▶ **RECORD EXCERPTS**
=====

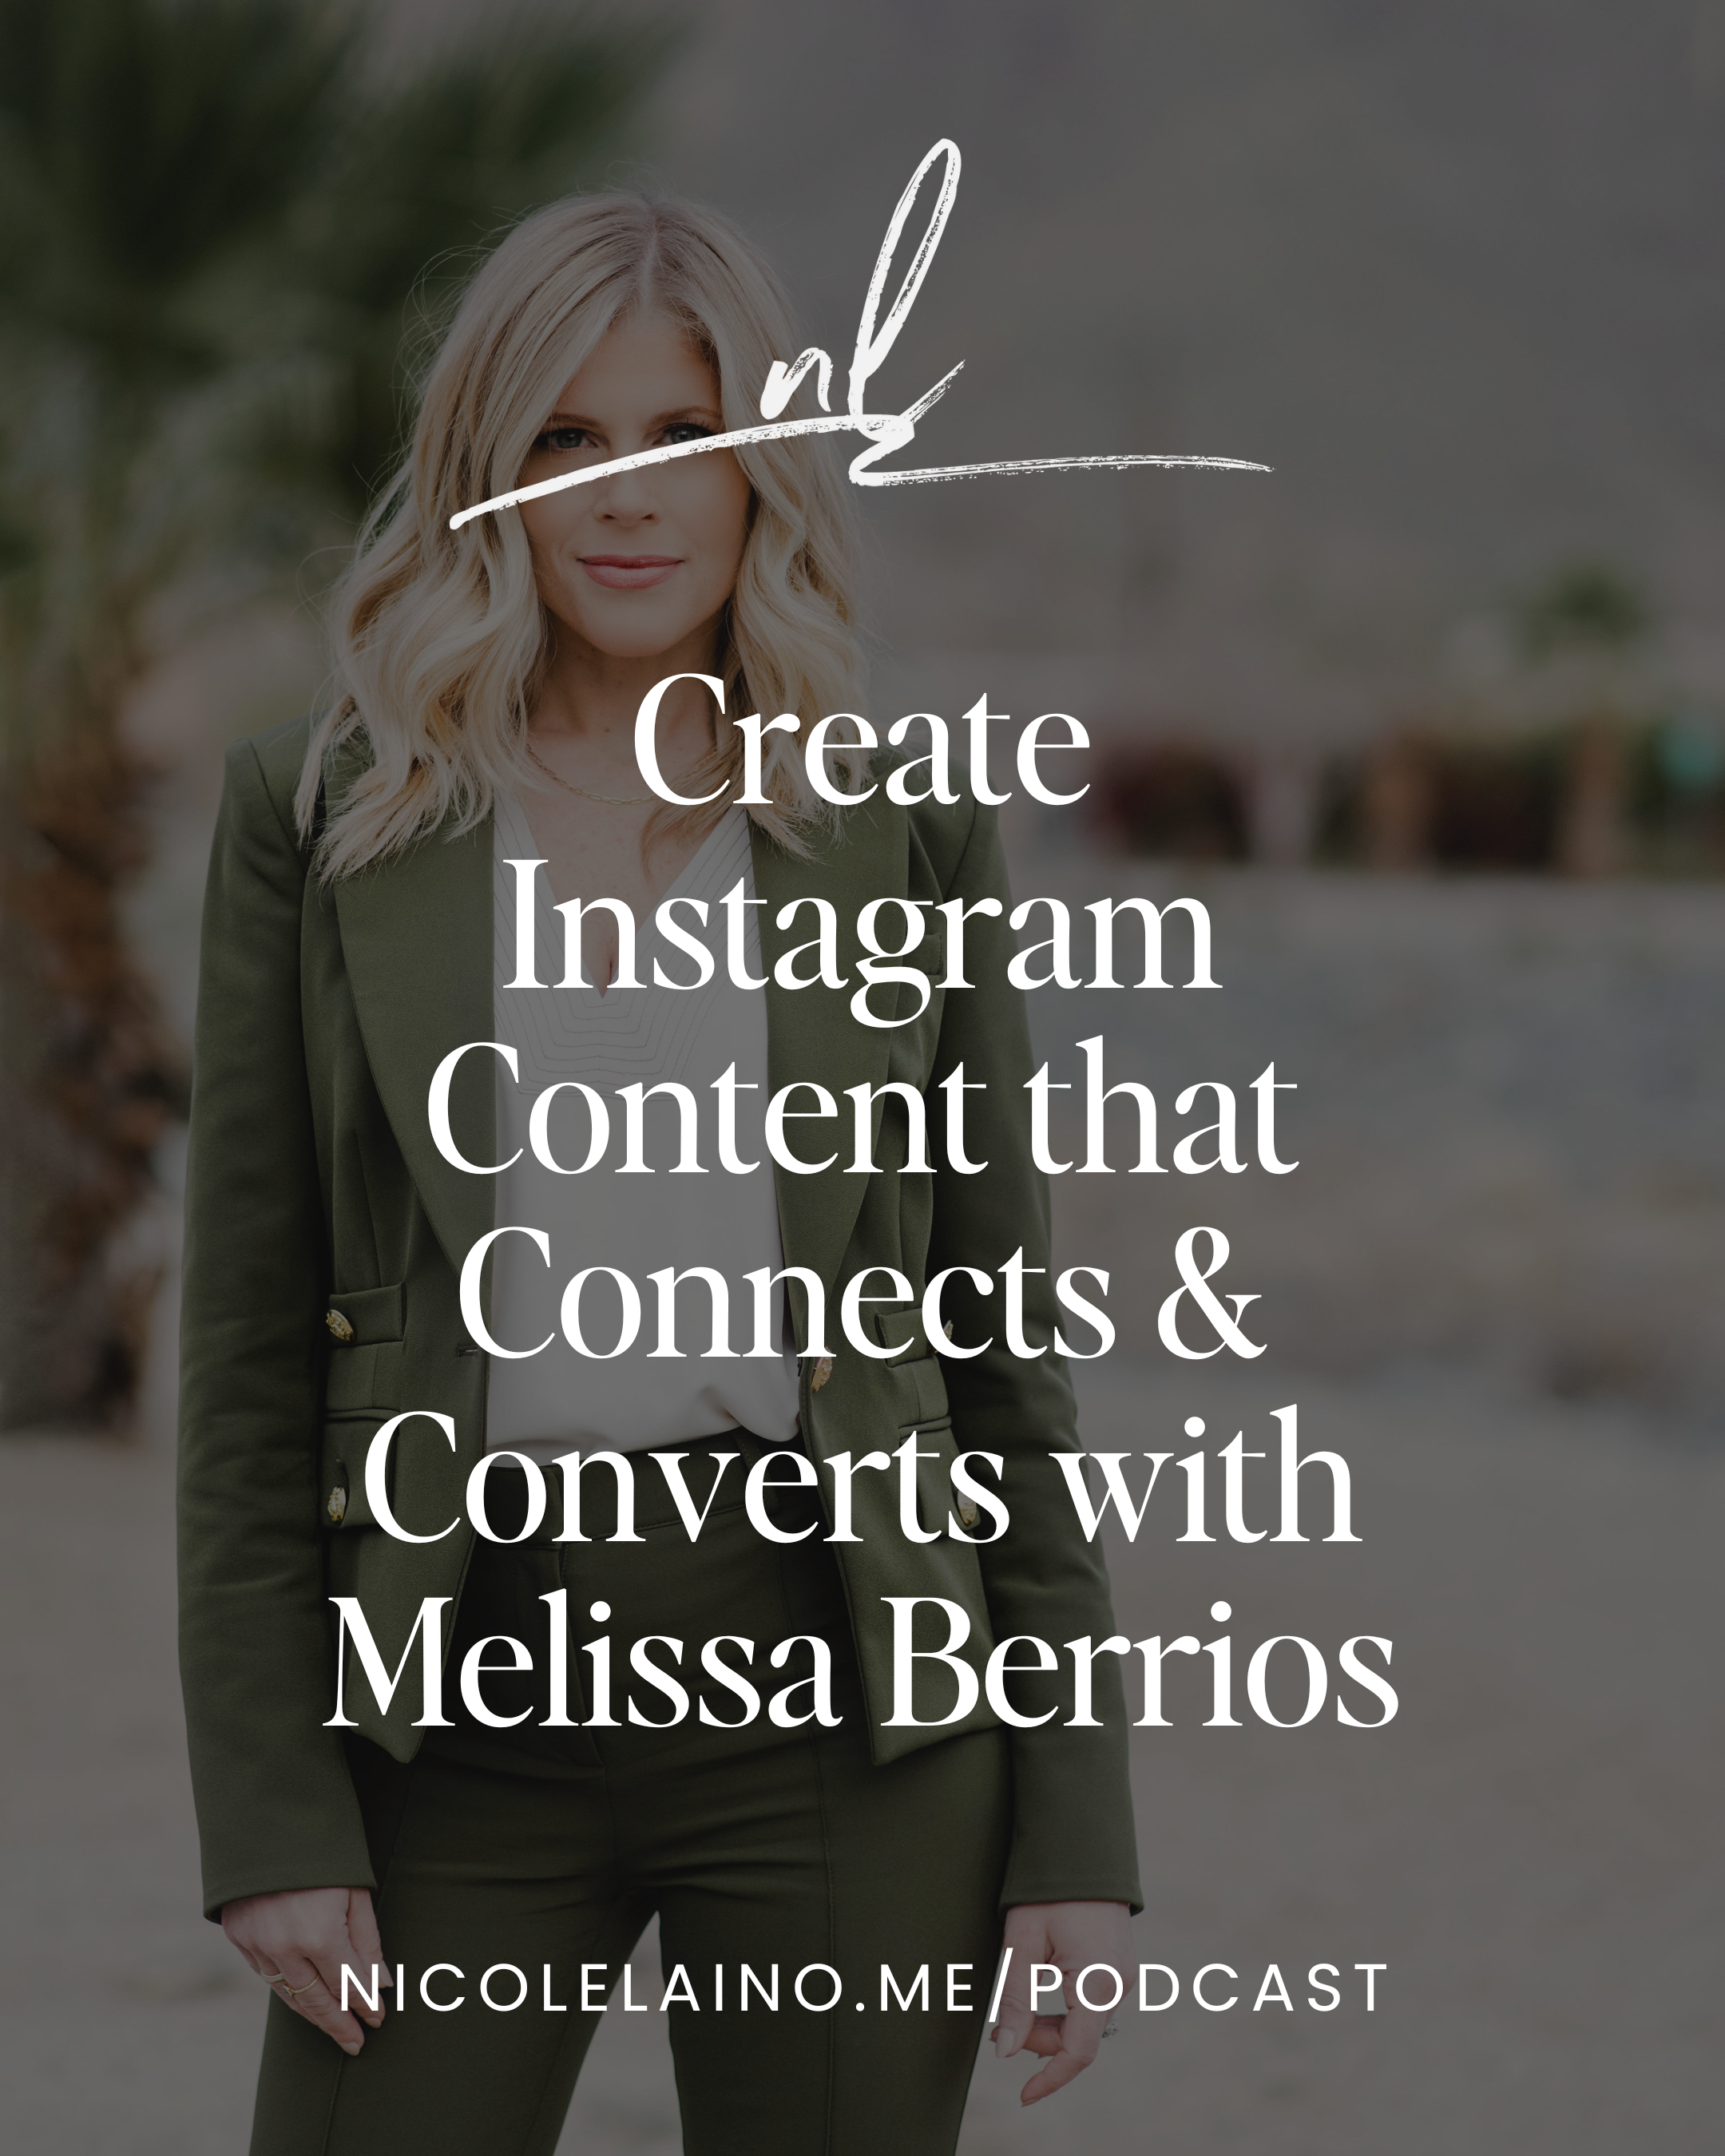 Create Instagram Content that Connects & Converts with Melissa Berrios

=====

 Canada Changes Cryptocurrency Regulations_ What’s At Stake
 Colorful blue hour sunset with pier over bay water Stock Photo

=====

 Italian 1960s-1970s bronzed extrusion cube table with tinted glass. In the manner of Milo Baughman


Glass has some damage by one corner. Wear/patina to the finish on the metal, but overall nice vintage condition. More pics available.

=====

▶ **REQUIREMENT**
Begin at the line that has "Italian 1960s-1970s bronzed" in the entries above; stop after the line that has "Glass has some". Transcribe exactly those lines and no others.

▶ **PROBLEM SOLUTION**
 Italian 1960s-1970s bronzed extrusion cube table with tinted glass. In the manner of Milo Baughman


Glass has some damage by one corner. Wear/patina to the finish on the metal, but overall nice vintage condition. More pics available.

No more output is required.